所以当官的去了地方,都是经历了历练,才逐渐学得各种务实的本事。

这还算是一些有抱负的官员,许多有后,能钻营的官员,在地方上压根不干实事,对于许多东西自然是不懂的。

但治理一方,身为官员并不需要自己懂,能统筹就够了。

虽然没有所谓的技校,但地方上也有不少懂实务的小官,或者吏去配合当地的地方官,平日里倒也够用。

可是如果真的遇见大灾大害,或者像宗泽这般领著吴晔的命令去准备抗灾的时候。

许多地方官四肢不勤,五谷不分的毛病马上就显露出来。

所以宗泽才会感慨懂实务的官员太少了。

「说起来,这个弊病,并非我朝有,当年王公也曾经想过通过实学来提拔一批官员,不过这件事终归还是搁置了!」

李纲随口的一句话,却引起了吴晔的注意。

他也许就是随口一提,因为作为科举受益者的他,必然有种看不上那些人的意思。

虽然李纲也隐约感觉到,地方上的问题不懂实务,是个挺离谱的事。

但他只会觉得是官员疏忽职守。

不过吴晔却敏感地抓住了其中的痛点,恐怕宗泽抱怨的并非官员不实务。

而是真正懂得实务的「官员」太少了。

主事者不懂技术,或者不是技术出身,这点不奇怪。

就算是放在后世的官员系统中,这种现象也是正常的,可是跟后世不同的是……

因为知识的普及,基层中其实有大量技术官僚。

这些人支撑起了基层的运转和实务,而且他们也不缺进步的空间,而大宋呢?

一技术官僚。

这个词是后世的说法,但放在大宋,对应的就是那些真正懂得实务的官员。

管水利的,要懂水文和工程;管粮仓的,要懂仓储和损耗;管田赋的,要懂丈量和计算;管军工的,要懂冶炼和火药配方。

这些岗位,需要的不是会写诗作赋的文人,而是真正干过、算过、下过功夫的人。

而大宋目前的官场现实是什么?

一个进士出身的知县到地方上任,连田亩册都看不懂,全靠下面的吏员念给他听。

一个管河道的官员,连水涨多高需要加固堤坝都判断不出来,全凭经验老到的河工作主。

这些进士老爷们不是不想干好,而是他们受的教育里,压根就没有这些东西。

而那些真正懂实务的人呢?

他们在底层。
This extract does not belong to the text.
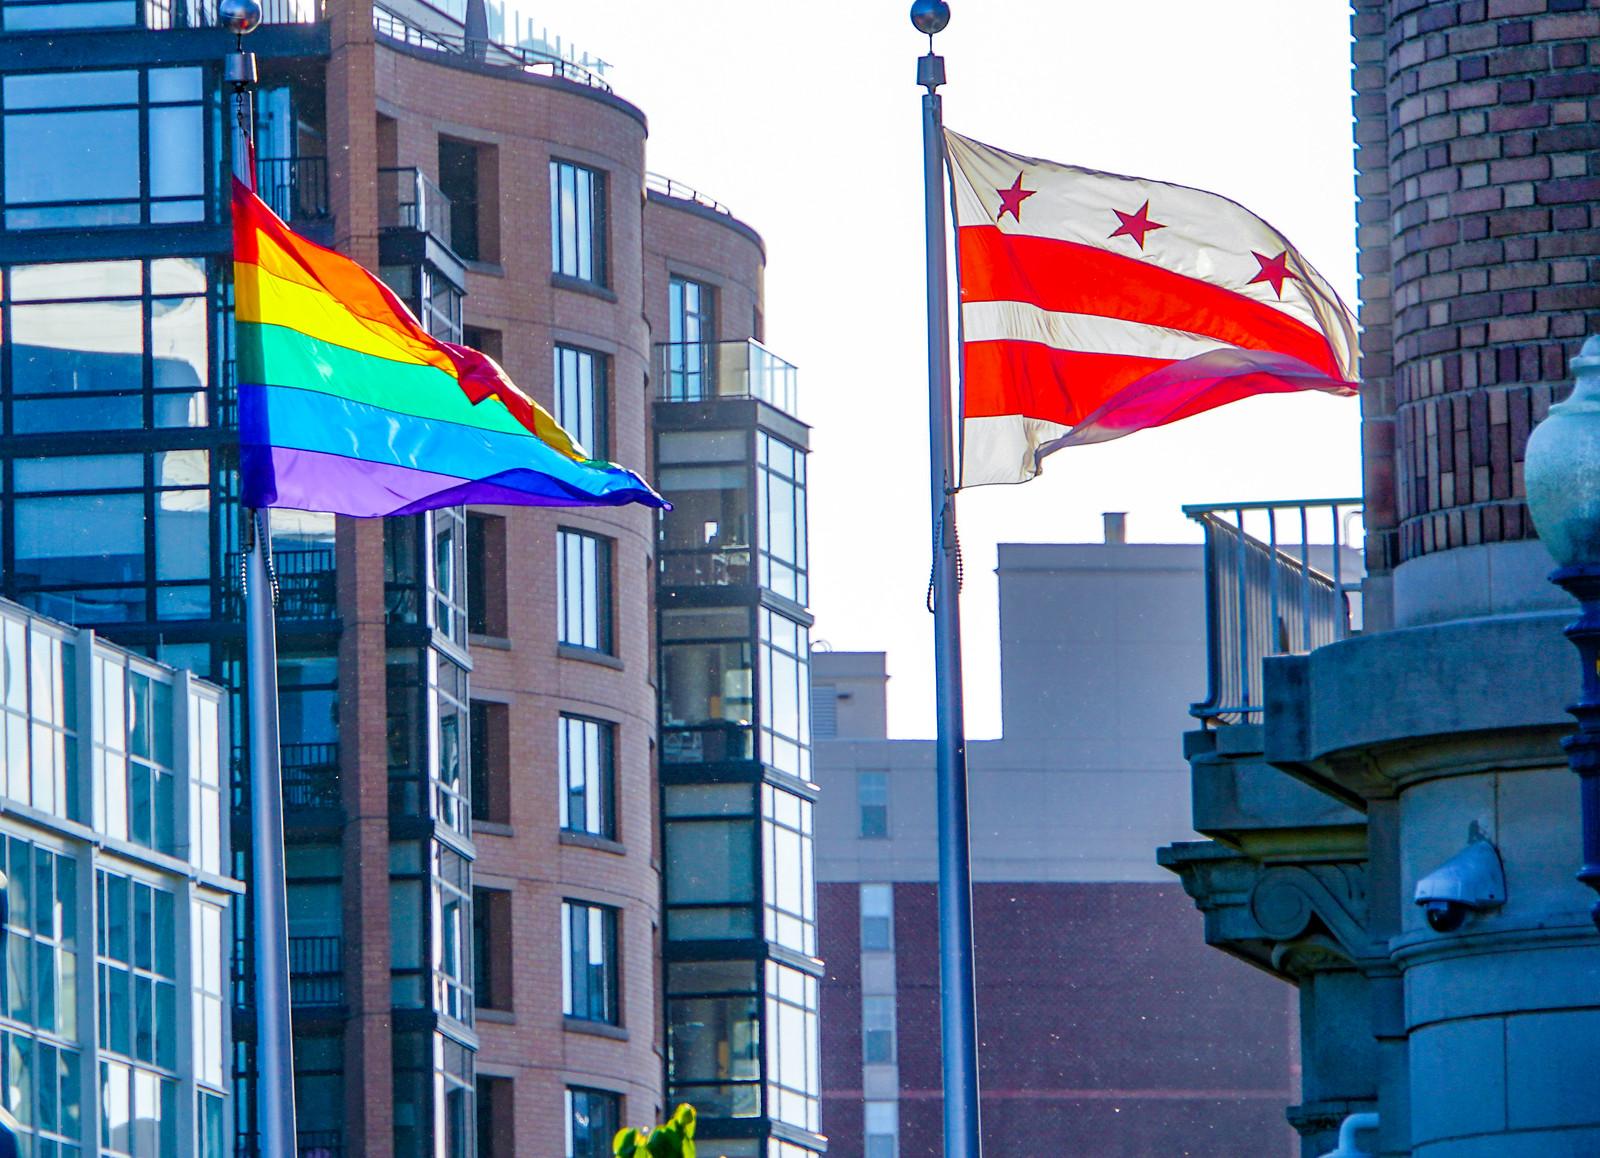 2018.06.04 Capital Pride People and Places, Washington, DC USA 02760

他们是那些在地方上干了二十年的老吏,是那些在工坊里摸爬滚打的工匠头目,是那些在太史局里夜观天象的天文生。

他们没有功名,没有出身,没有门路。他们即便有天大的本事,也只能一辈子在底层打转,永远不可能进入真正的权力体系。

王安石当年看到了这个问题。

熙宁变法期间,王安石大力整顿太学,设「三舍法」,推广「实学」。

他要培养的不是只会吟诗作对的文人,而是能够经世致用的官员。他甚至在科举改革中一度废除了诗赋考试,改考策论,目的就是为了选拔那些有真才实学、能解决实际问题的人。

但王安石的改革最终失败了。

原因很复杂,有保守派的抵制,有新旧党争的激化,也有王安石自身过于激进的策略。

但最根本的原因在于,整个士大夫阶层的根基就是经义和文学,你让一个读了二十年圣贤书的进士去和一个工匠平起平坐,那是要了他们的命。

所以王安石的实学改革,最终只落了一个「重术轻道」的骂名,在士林中备受嘲讽。

到了蔡京时代,哪怕他打著「绍述新法」的旗号,也搞了算学、书学、画学等专科学校,看起来是继承了王安石的路子。
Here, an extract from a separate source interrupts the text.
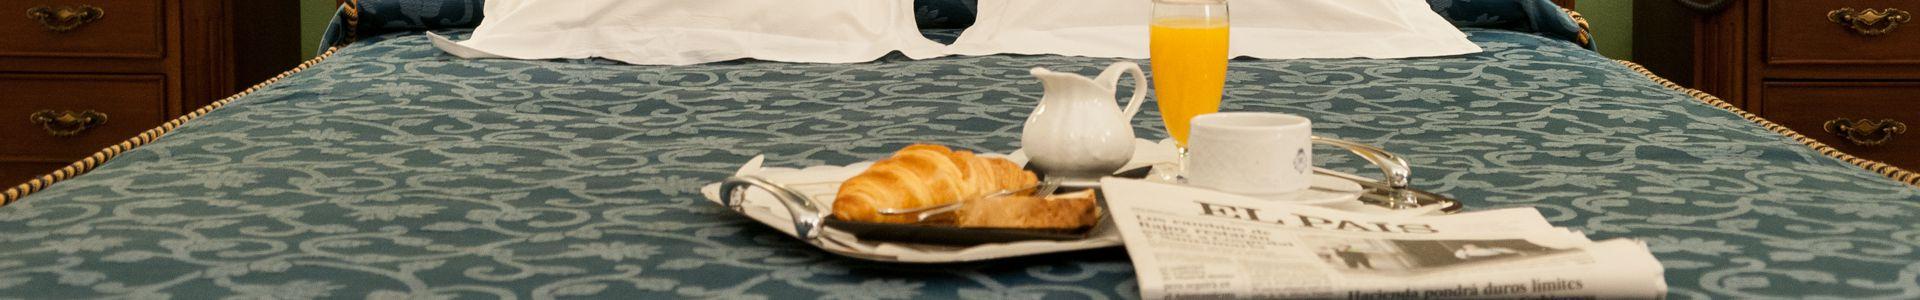 Sevilla Hotel Services

可蔡京本质上是个精致的利己主义者,他搞这些学校不是为了培养人才,而是为了给自己捞取政治资本。他打心底里也看不起这些「伎术官」,不过是因为宋徽宗自己喜欢书画、喜欢祥瑞、喜欢各种奇巧的东西,蔡京才投其所好罢了。

所以,算学表面上有了中央官学的地位,算学生毕业还能授官一一通仕郎、登仕郎、将仕郎。听起来不错,可实际上呢?这些官阶是最低等的文散官,而且算学生毕业后大多被分配到太史局去当「技术员」,一辈子就是个伎术官,升迁的天花板低得令人发指。

在同榜进士们已经在地方上当通判、知州的时候,他们还在太史局里对著浑天仪算星位。士大夫们看他们的眼神,和看一个手艺好一点的木匠没什么区别。

吴晔想到这里,手指在桌面上轻轻叩了两下。

「先生!」

李纲打断了吴晔的思索,起身告辞:

「本来想要跟你多聊一会,看来有事……」

他指了指门外给他使眼色的仆人,做了个抱歉的手势。

吴晔起身,将他们送出去。

等到其他人送走了,吴晔才想起自己那位族兄,被他冷落一边。

他沿著廊道,找到了正在抄录公式的吴吴。

吴晔悄悄走到他的身边,他都没有发觉。

「愿……」

看到吴吴认真的模样,吴晔脑海中有个想法,逐渐成型。